Commenti 1. Negli atteggiamenti violenti che la comunicazione mutua dalla subcultura della performance è sicuramente possibile cogliere un connotato che la ricollega alla costellazione del postmoderno, se è vero, da una parte, che la “tonalità di base della cultura della performance non è orientata verso il raggiungimento del piacere, ma verso il mantenimento dell’eccitazione” (Perniola); e, dall’altra, che tra le caratteristiche distintive del postmoderno si può annoverare un nuovo tipo di tonalità affettiva, che in realtà è solo “euforia e declino dell’intensità sentimentale ed affettiva” (F. Jameson, Il Post Moderno, Garzanti, Milano, 1989).

2. Per Perniola, internet fa parte di quelle conquiste tecnologiche di cui si avvale la società cognitiva, e quindi la propone come un elemento positivo della new economy, ma la critica che egli porta alla pornografia su internet, cioè alla pornografia che si fa comunicazione, per cui essa perde intensità concentrazione e raccoglimento, divenendo desessualizzata e priva di tensione erotica, mette in luce i rischi di immiserimento culturale e psichico propri dell’universo della comunicazione, a cui neanche internet si sottrae.

3. Se, come il fascismo, che “affonda le sue radici nella struttura psichica delle masse” (W. Reich), anche la comunicazione “affonda le sue radici in un disordine psichico assai più diffuso e generale” (Perniola), viene spontaneo chiedersi da dove tragga origine tale disordine: da un indefinito sostrato antropologico? da un marasma politico, creato da quello che P. stesso chiama “il potere riciclato? e in che rapporto è con esso la comunicazione: si alimenta semplicemente di esso o non contribuisce essa stessa ad alimentarlo? P. sembra rispondere citando Netzsche che, per primo, “scopre la genesi

segreta di quelle distorsioni mentali, di quei pervertimenti della ragione, di quegli assurdi comportamenti che caratterizzano l’attuale società della comunicazione”. Tale genesi segreta risiederebbe nella metafisica occidentale, cui Nietzsche “attribuisce una vera e propria incapacità di pensare l’opposto”, l’altro da sé, limitandosi, essa, solo alla conoscenza “di un alter ego di segno contrario”. Va bene.
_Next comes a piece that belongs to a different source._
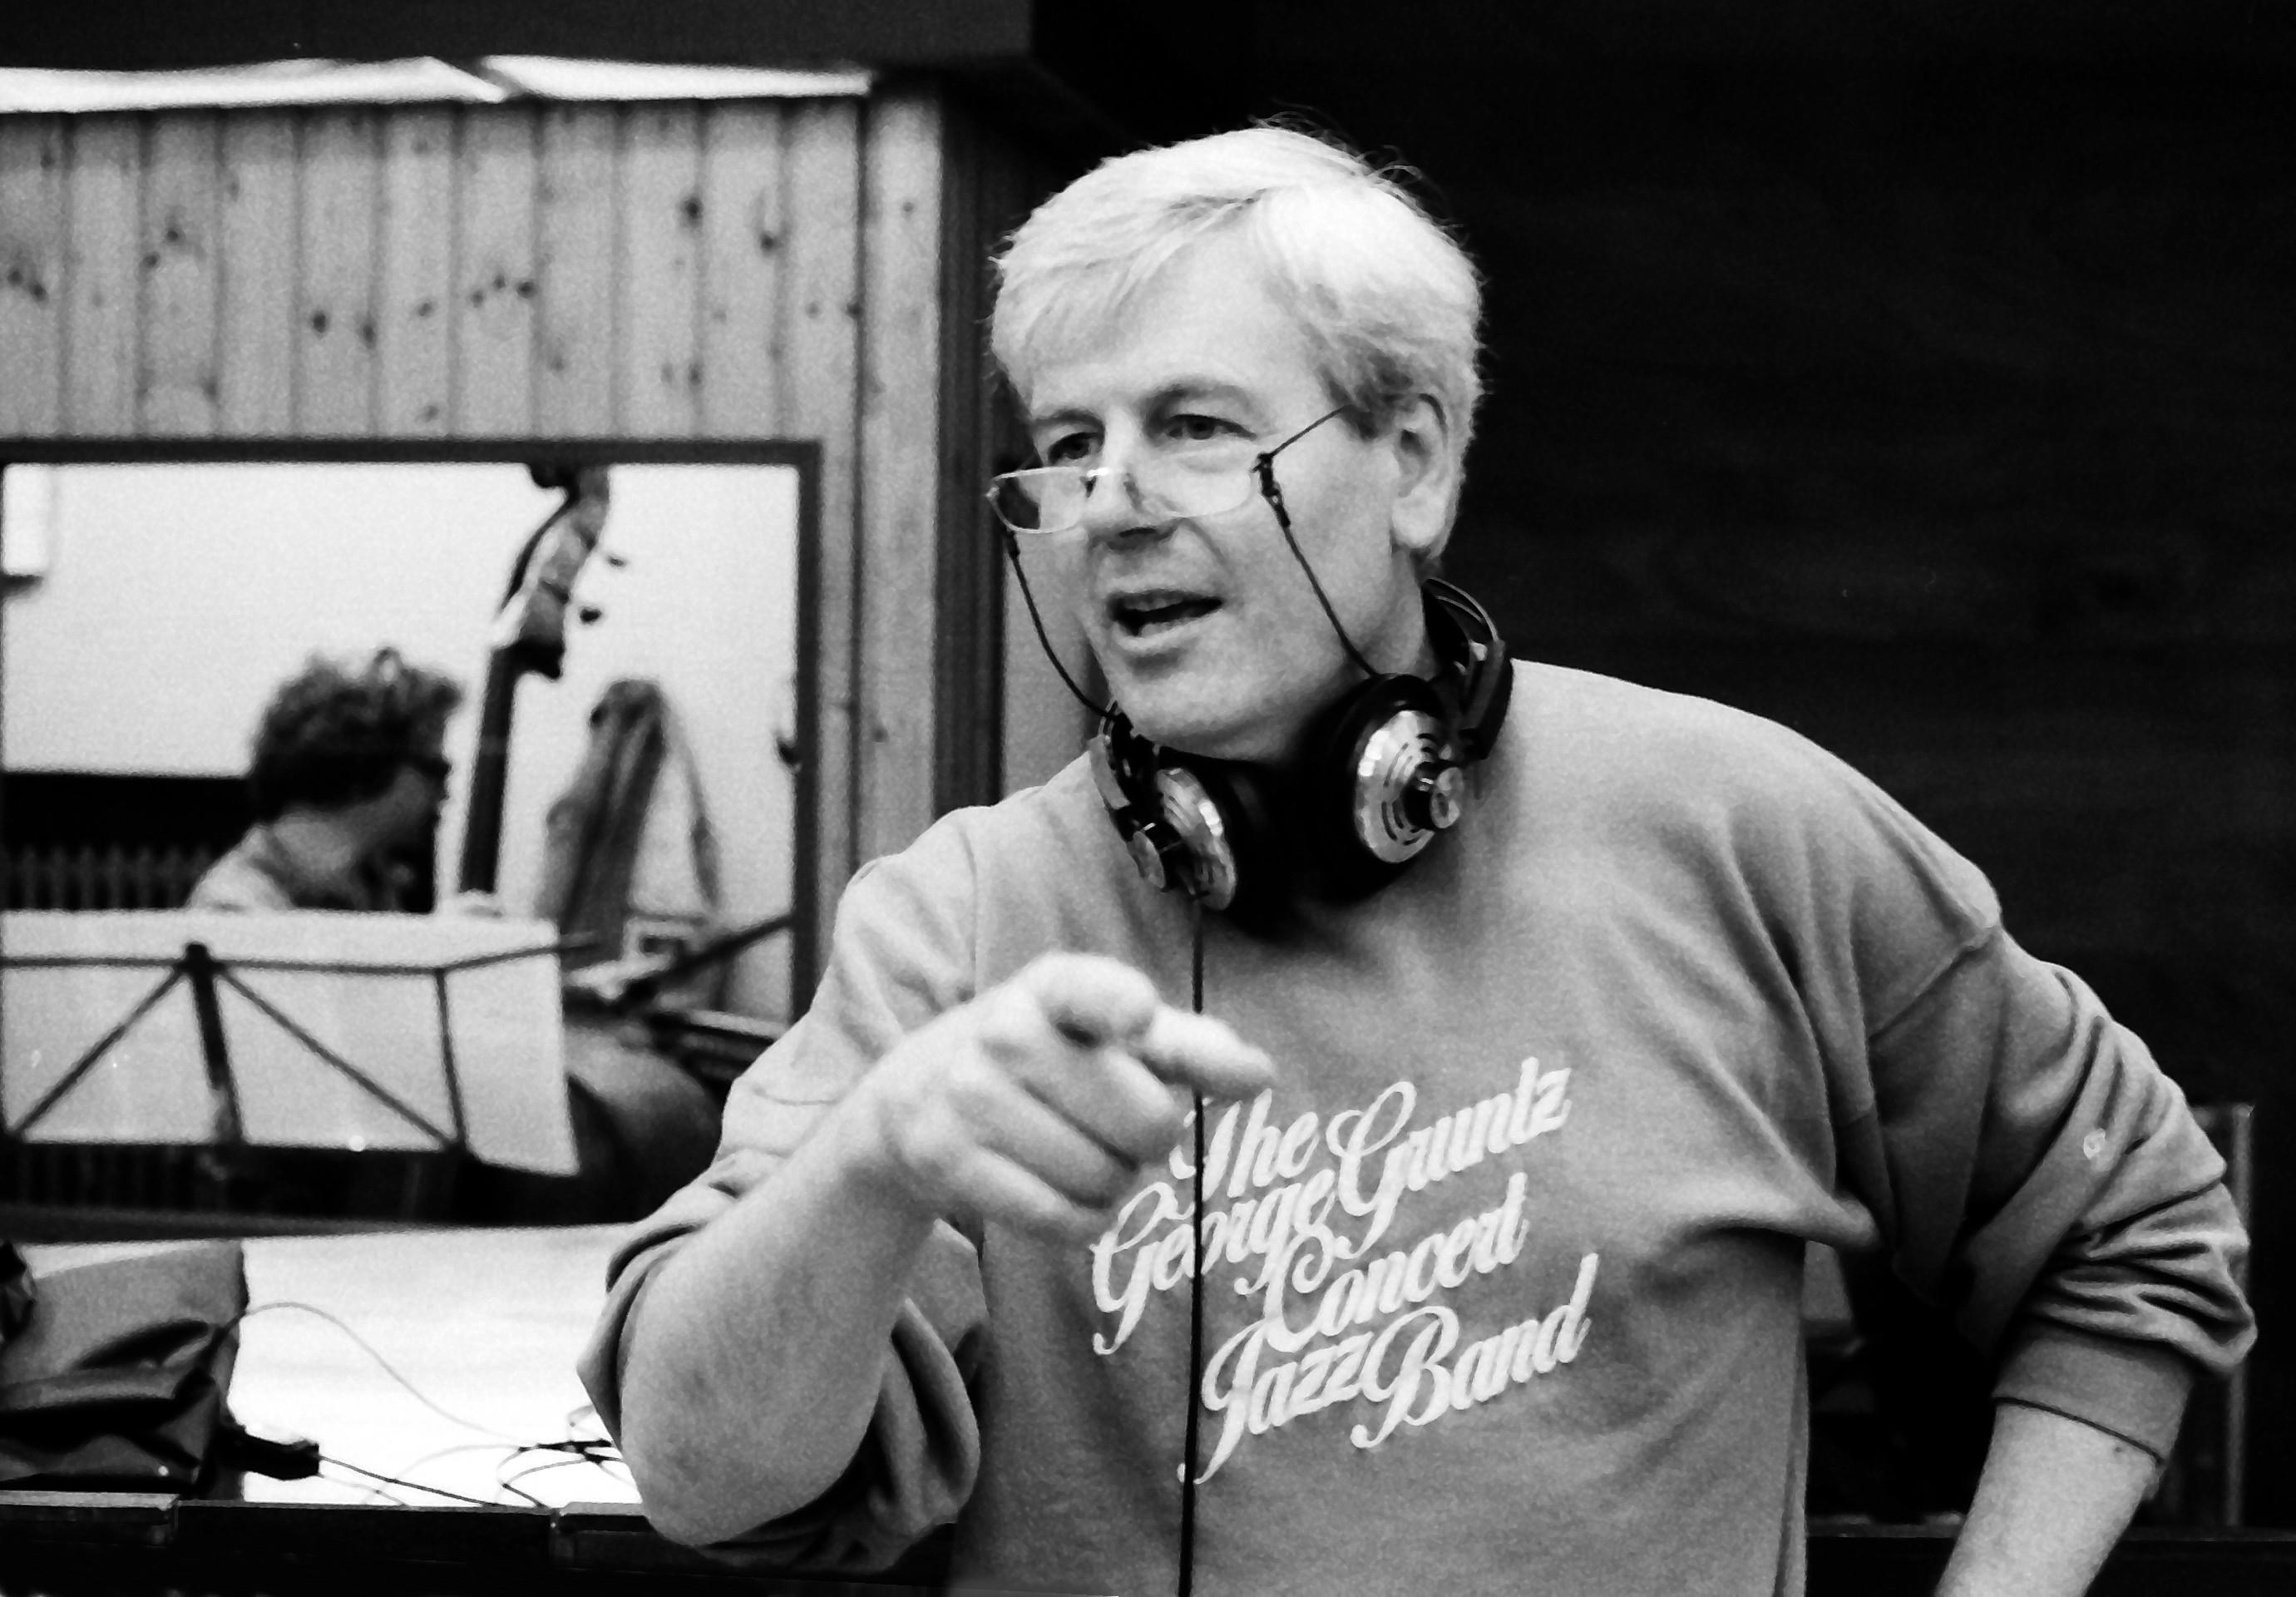 George Gruntz P, Comp 1932-2013

Ma questo spiega solo una debolezza originaria di tipo culturale, una predisposizione a …, ma non dà conto dell’esplosione degli aspetti aggressivi avvenuta nell’età della comunicazione massmediatica, a meno che non si voglia ammettere che proprio nei meccanismi della comunicazione si vadano a raccogliere, esaltandosi e trovando intensificazione, gli aspetti aggressivi denunciati da P..

Più avanti P. sostiene che “lo scopo della comunicazione è favorire l’annullamento di ogni certezza e prendere atto di una trasformazione antropologica che ha mutato il pubblico in una specie di tabula rasa estremamente sensibile e ricettiva, ma incapace di trattenere ciò che è scritto su di essa oltre il momento della ricezione e della trasmissione”. Allora, forse ci siamo: dobbiamo tornare, io credo, all’intuizione pasoliniana della mutazione antropologica avvenuta a partire dagli anni sessanta, provocata dall'affermazione dell'universo del Potere e del Consumo, del nuovo potere industriale transnazionale, omologante e globalizzante, finalizzato alla penetrazione dei beni di consumo a tutti i livelli sociali e geopolitici, con lo scatenamento dell'aggressività individuale, della Tecnica e dell' Informazione come cancellazione di "tutto il passato". La comunicazione massmediatica sarebbe allora, in questo quadro, lo strumento perfetto per decerebrare le masse, rendendole sempre più docilmente ed entusiasticamente asservite agli interessi veicolati dai messaggi promozionali di quell'universo orrendo.